WHAT IS NEEDED:
Where a picture appears, leave it out, and transcribe all the lines below exactly.

SUPPLIED DATA:
——

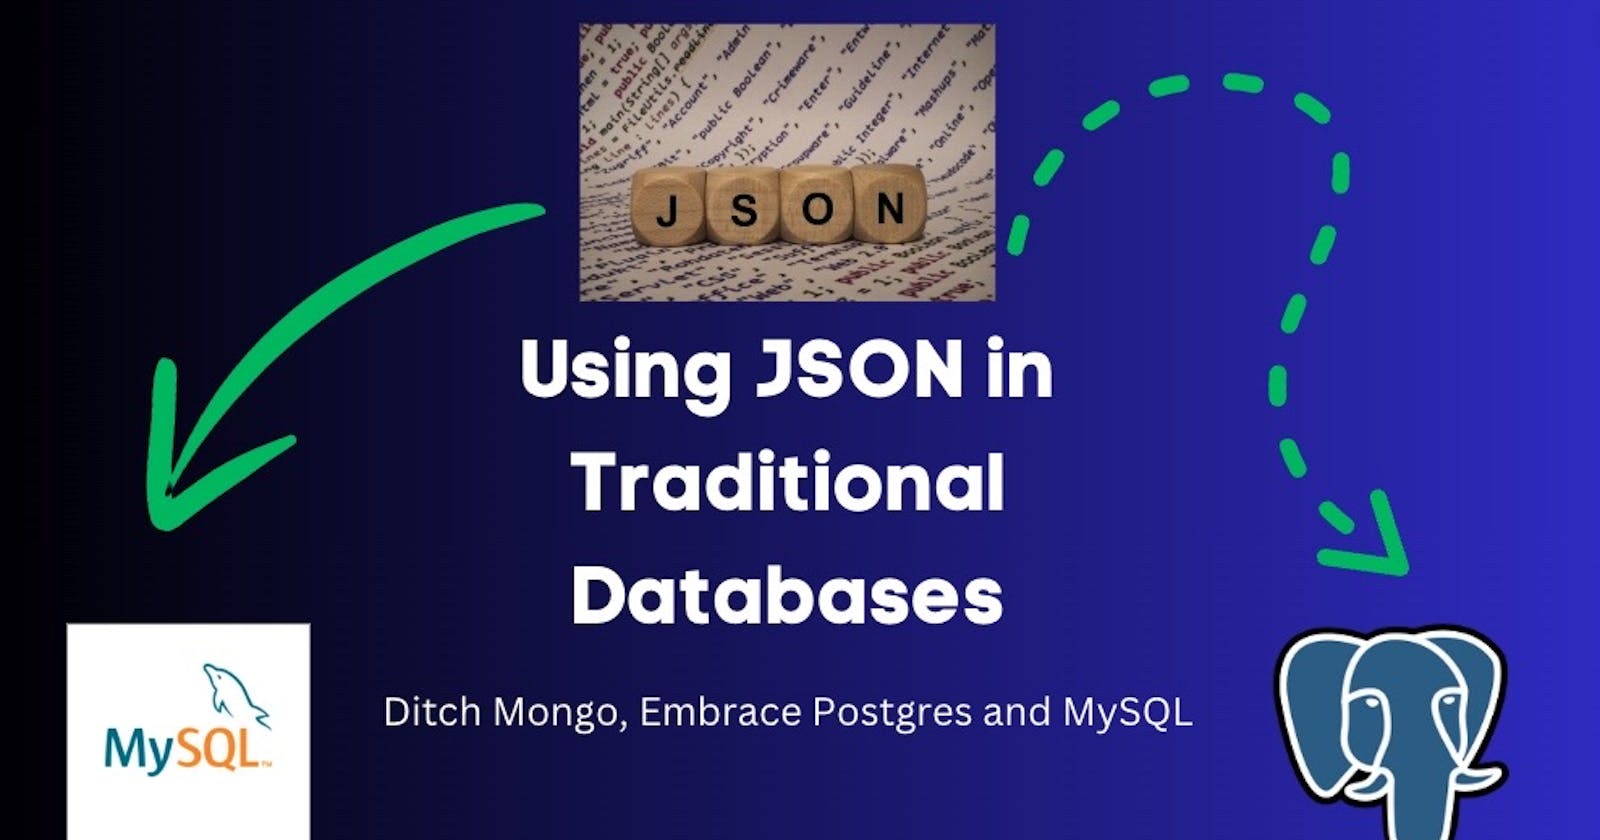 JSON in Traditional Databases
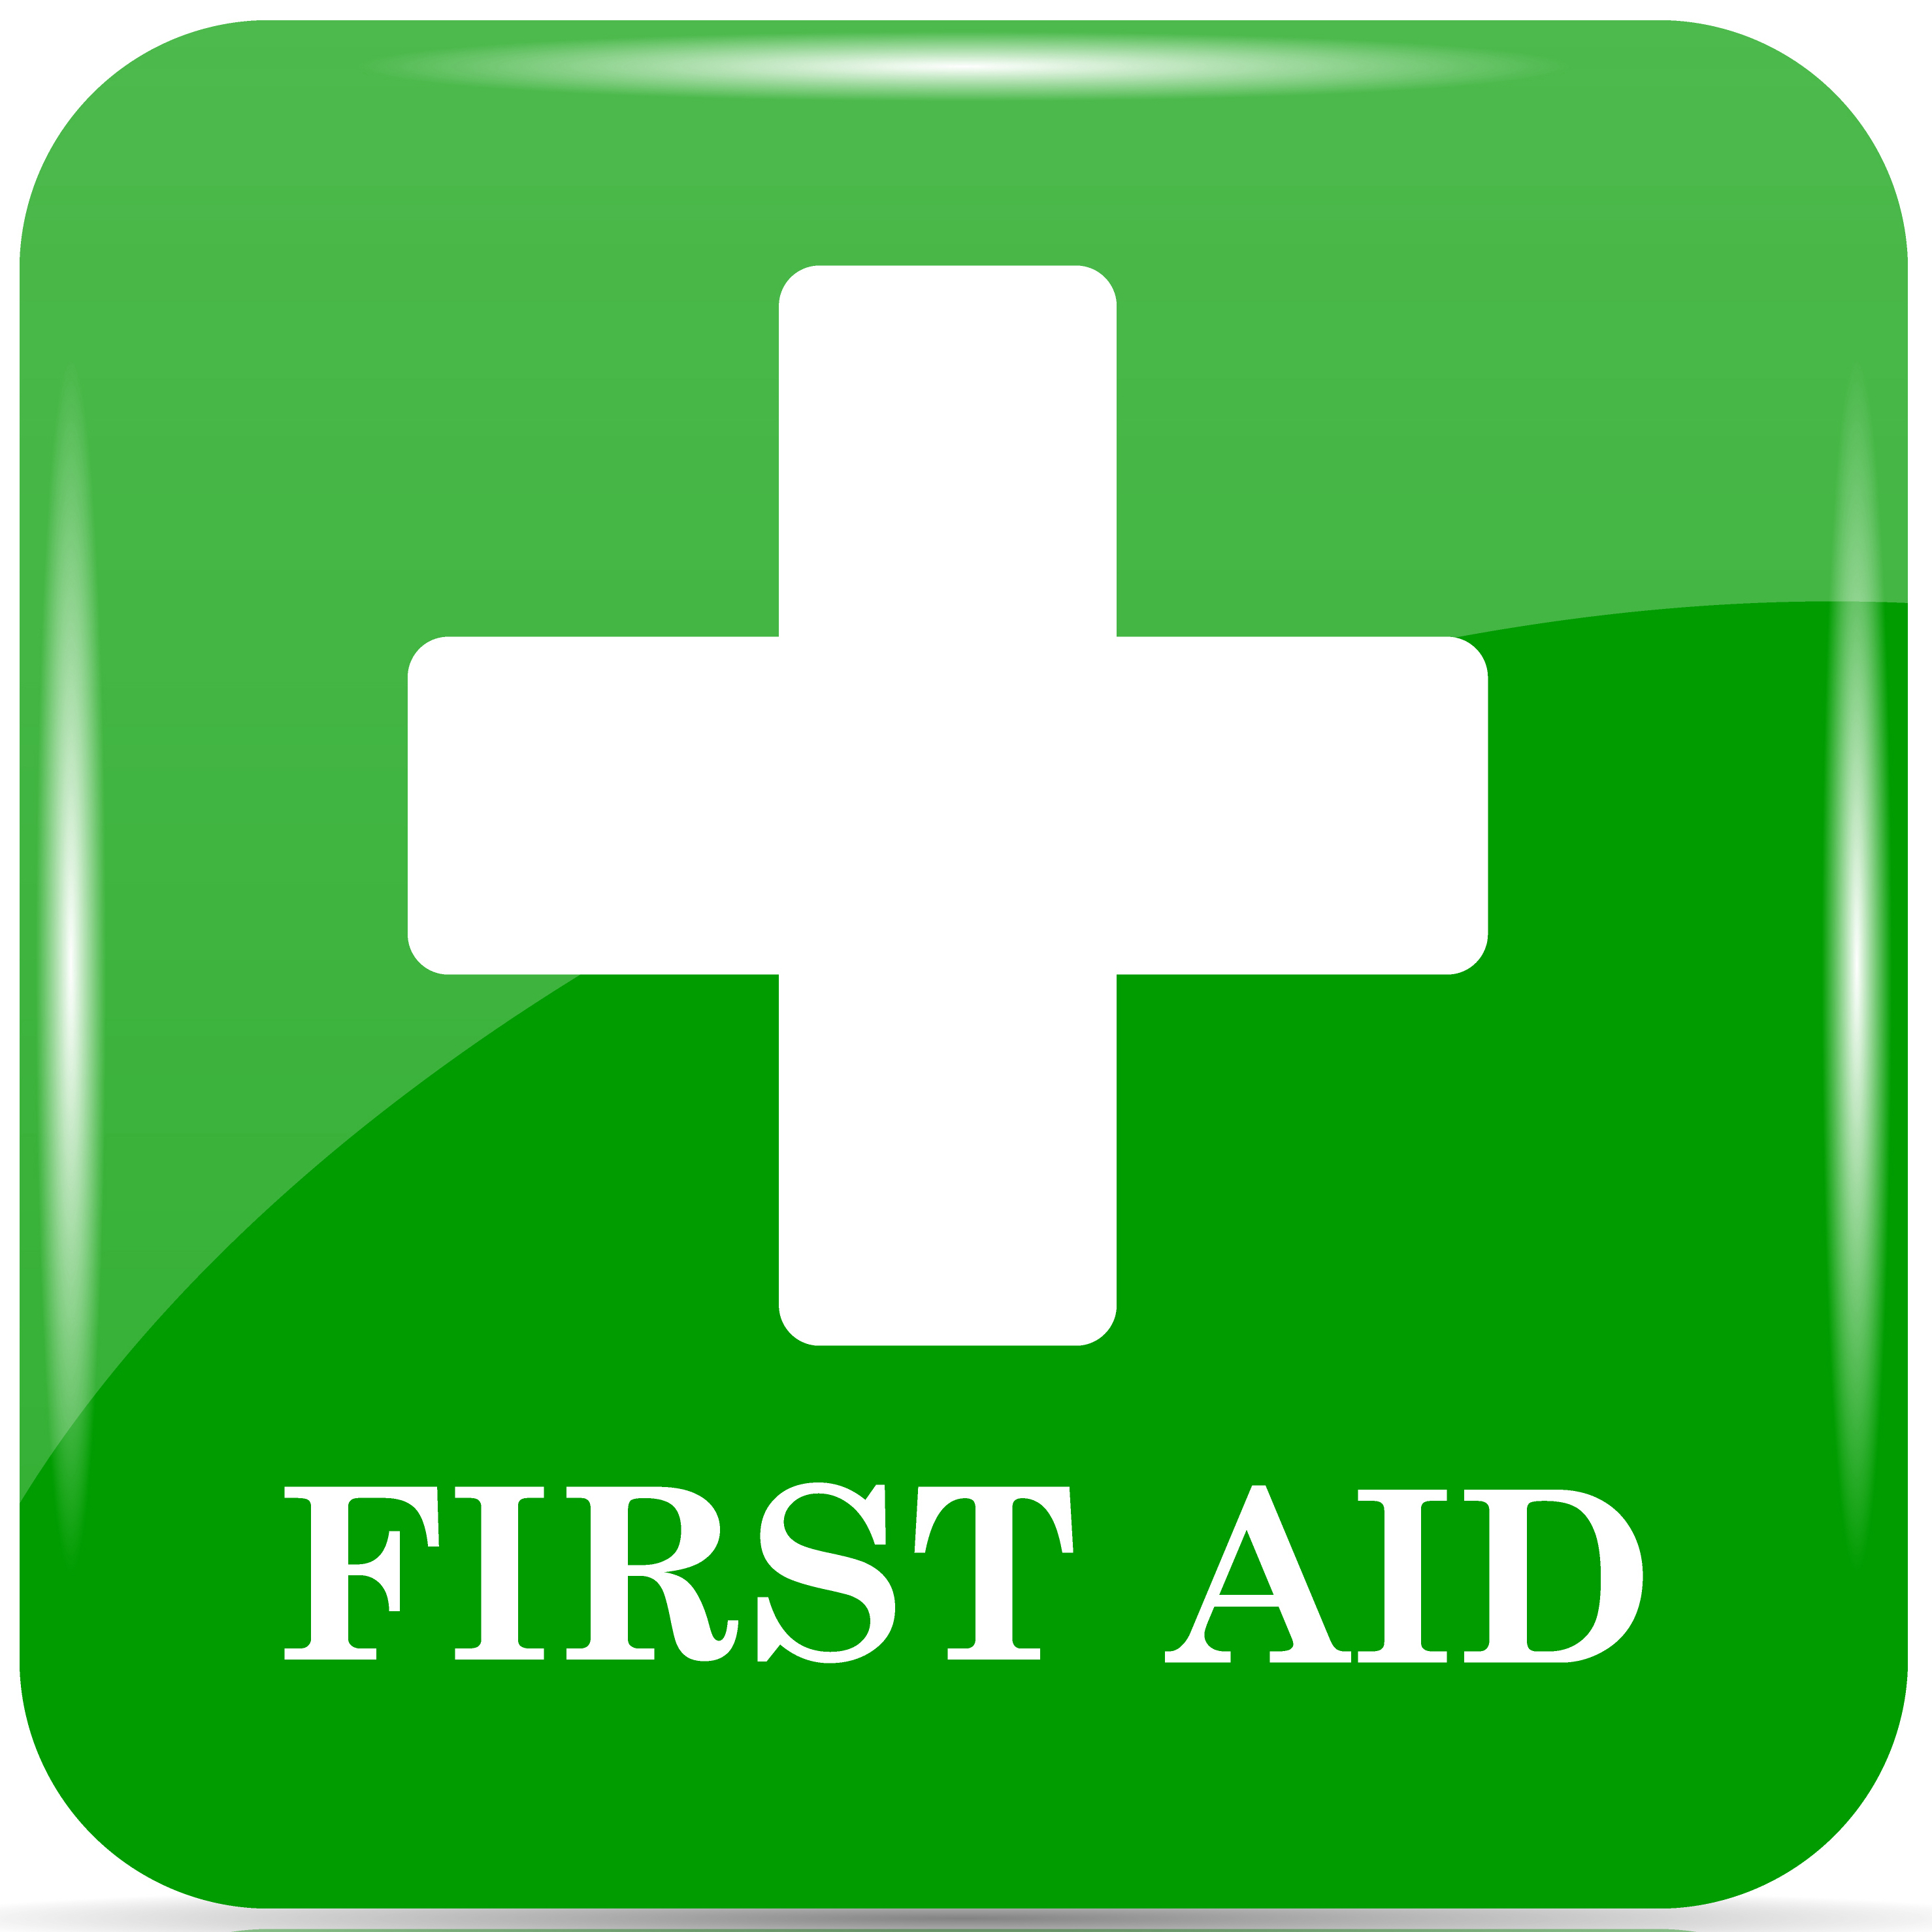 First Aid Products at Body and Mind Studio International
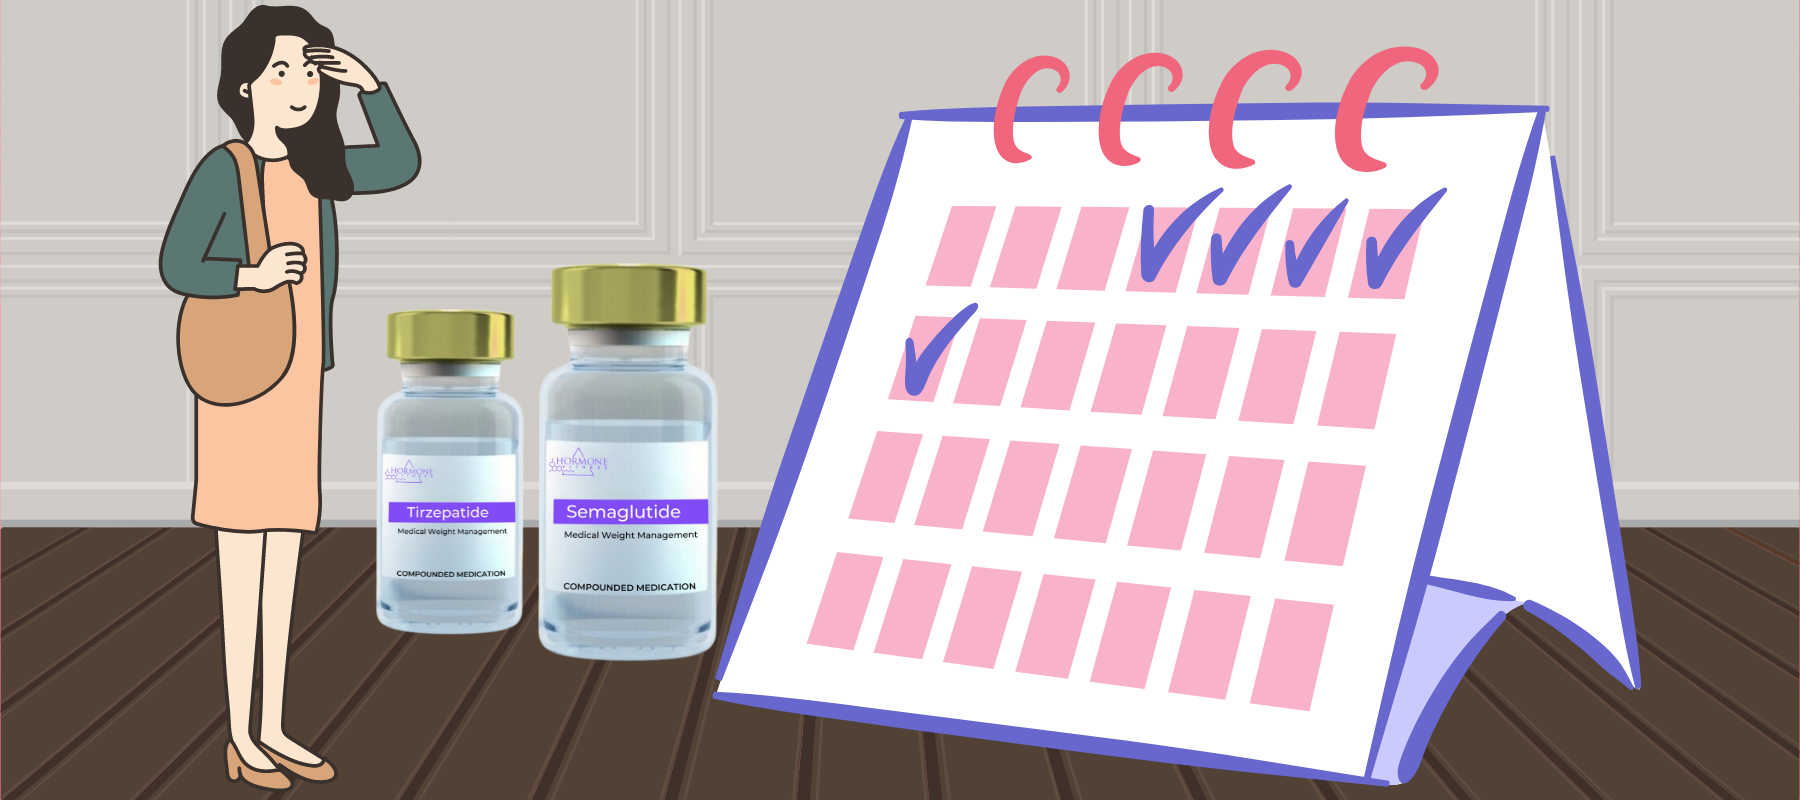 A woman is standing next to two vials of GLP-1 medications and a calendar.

——

ANSWER SPACE:
 JSON in Traditional Databases
 First Aid Products at Body and Mind Studio International
 A woman is standing next to two vials of GLP-1 medications and a calendar.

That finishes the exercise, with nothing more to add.